-------- DATASET CONTENT --------

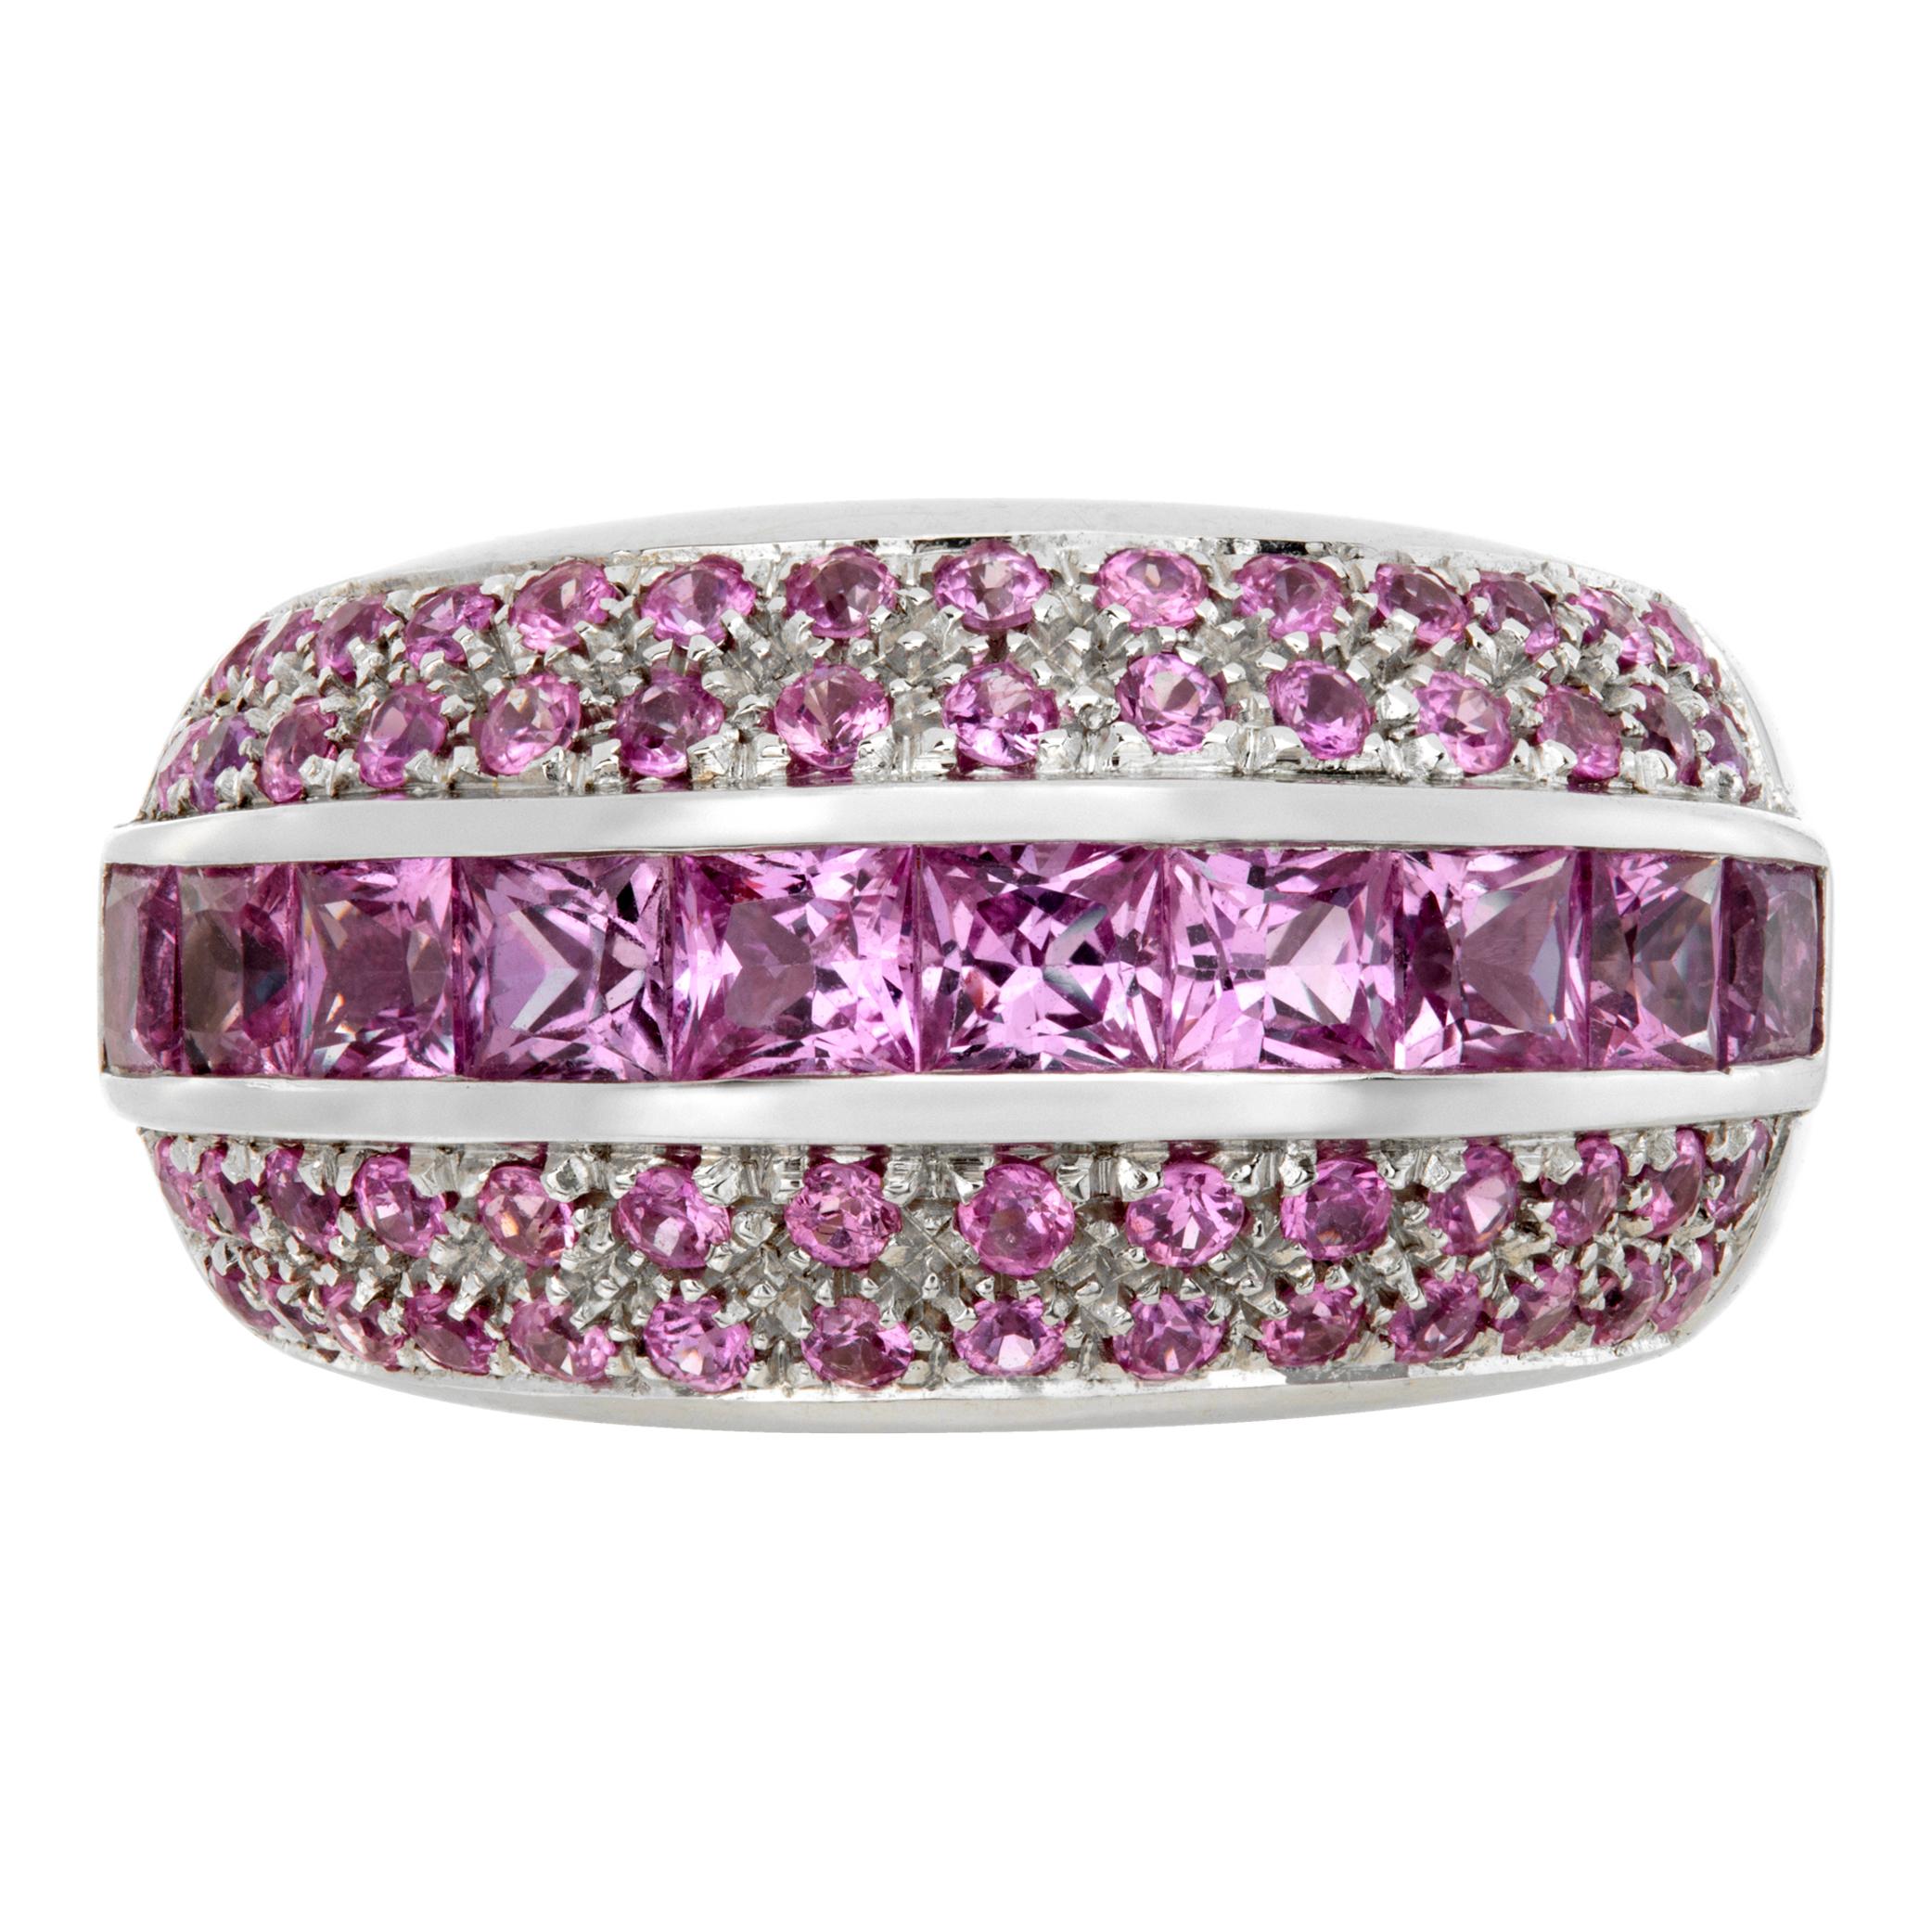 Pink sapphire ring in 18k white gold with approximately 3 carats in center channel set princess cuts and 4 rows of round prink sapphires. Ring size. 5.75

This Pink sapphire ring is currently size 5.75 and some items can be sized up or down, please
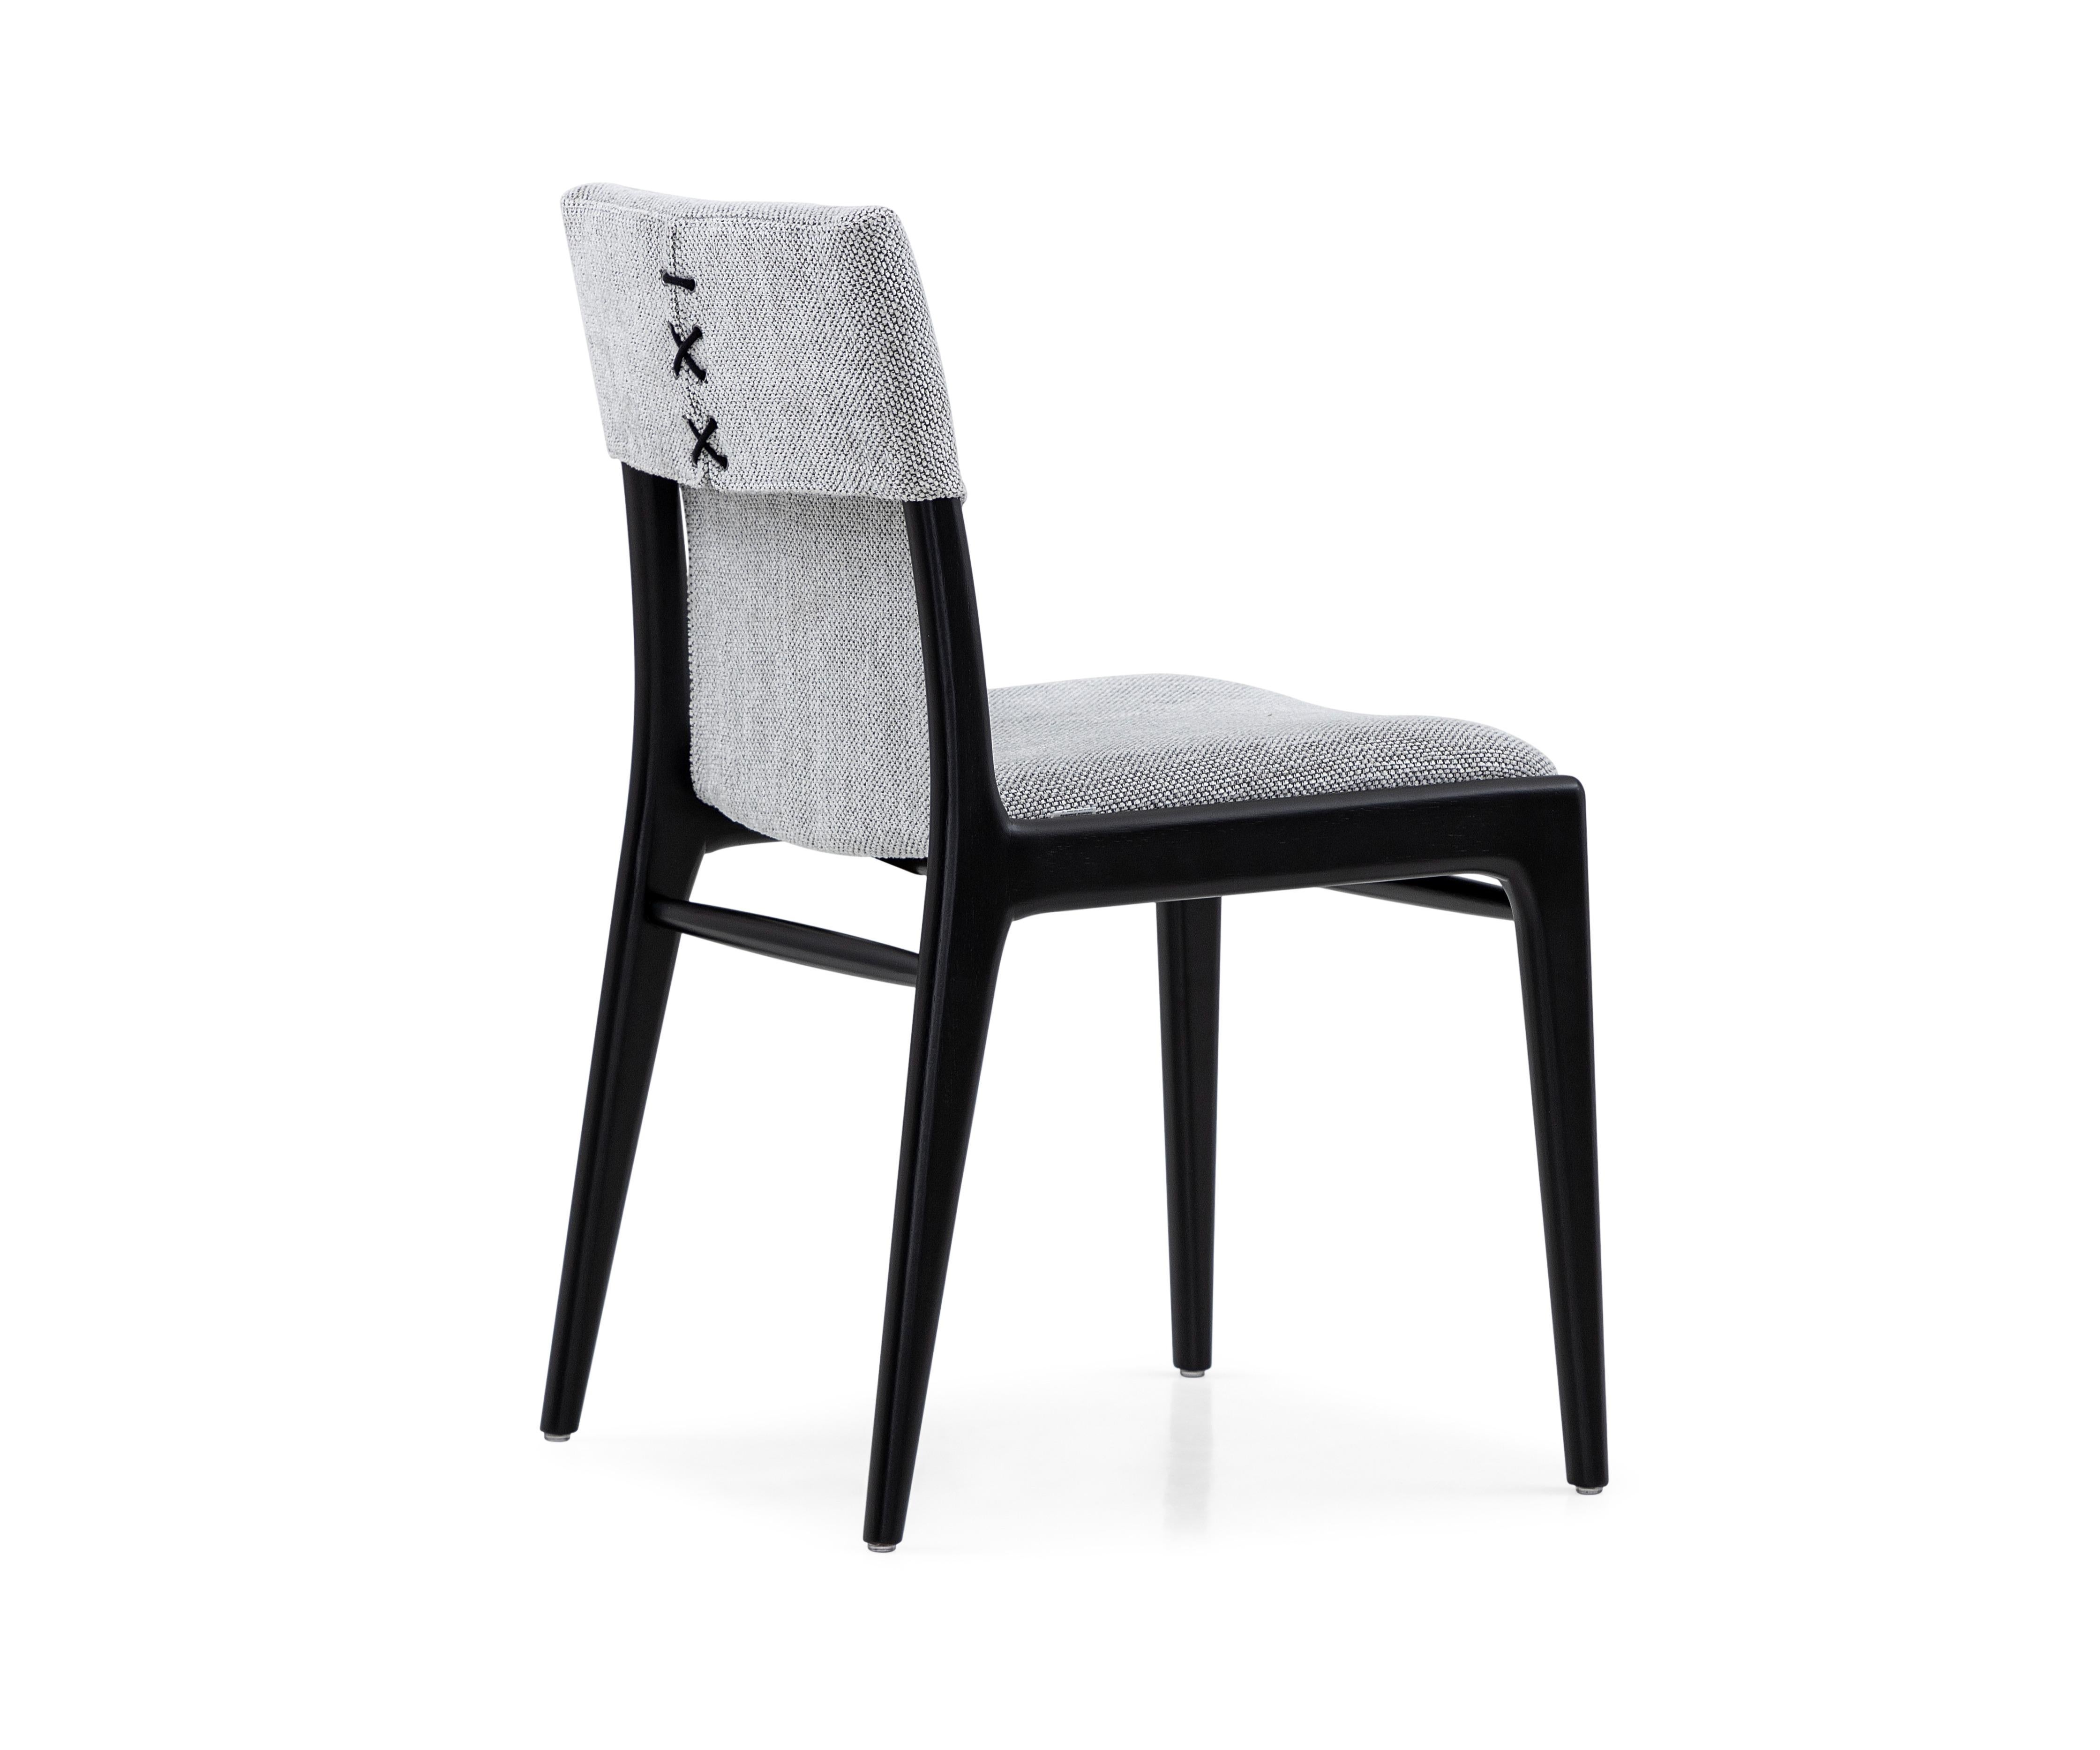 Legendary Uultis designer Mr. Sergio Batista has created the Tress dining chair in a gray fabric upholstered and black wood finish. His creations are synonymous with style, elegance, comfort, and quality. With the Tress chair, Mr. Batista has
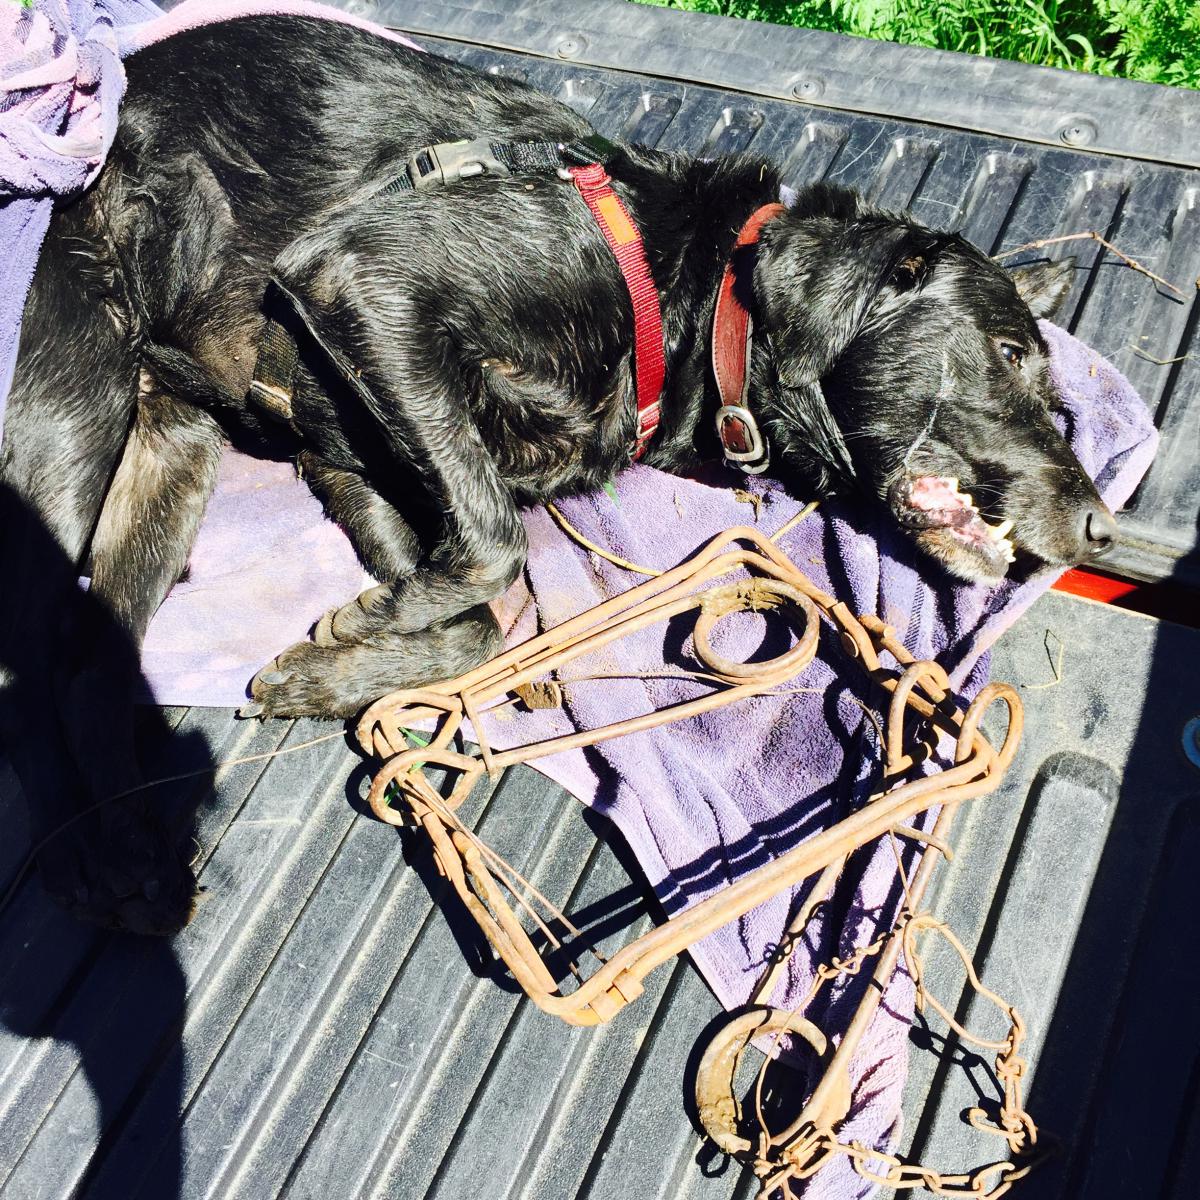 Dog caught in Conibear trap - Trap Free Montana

--------

■ **YOUR ASSIGNMENT**
Retype the data above exactly; pictures are not part of the copy.

■ **YOUR RESPONSE**
 Pink sapphire ring in 18k white gold with approximately 3 carats in center channel set princess cuts and 4 rows of round prink sapphires. Ring size. 5.75

This Pink sapphire ring is currently size 5.75 and some items can be sized up or down, please
 Legendary Uultis designer Mr. Sergio Batista has created the Tress dining chair in a gray fabric upholstered and black wood finish. His creations are synonymous with style, elegance, comfort, and quality. With the Tress chair, Mr. Batista has
 Dog caught in Conibear trap - Trap Free Montana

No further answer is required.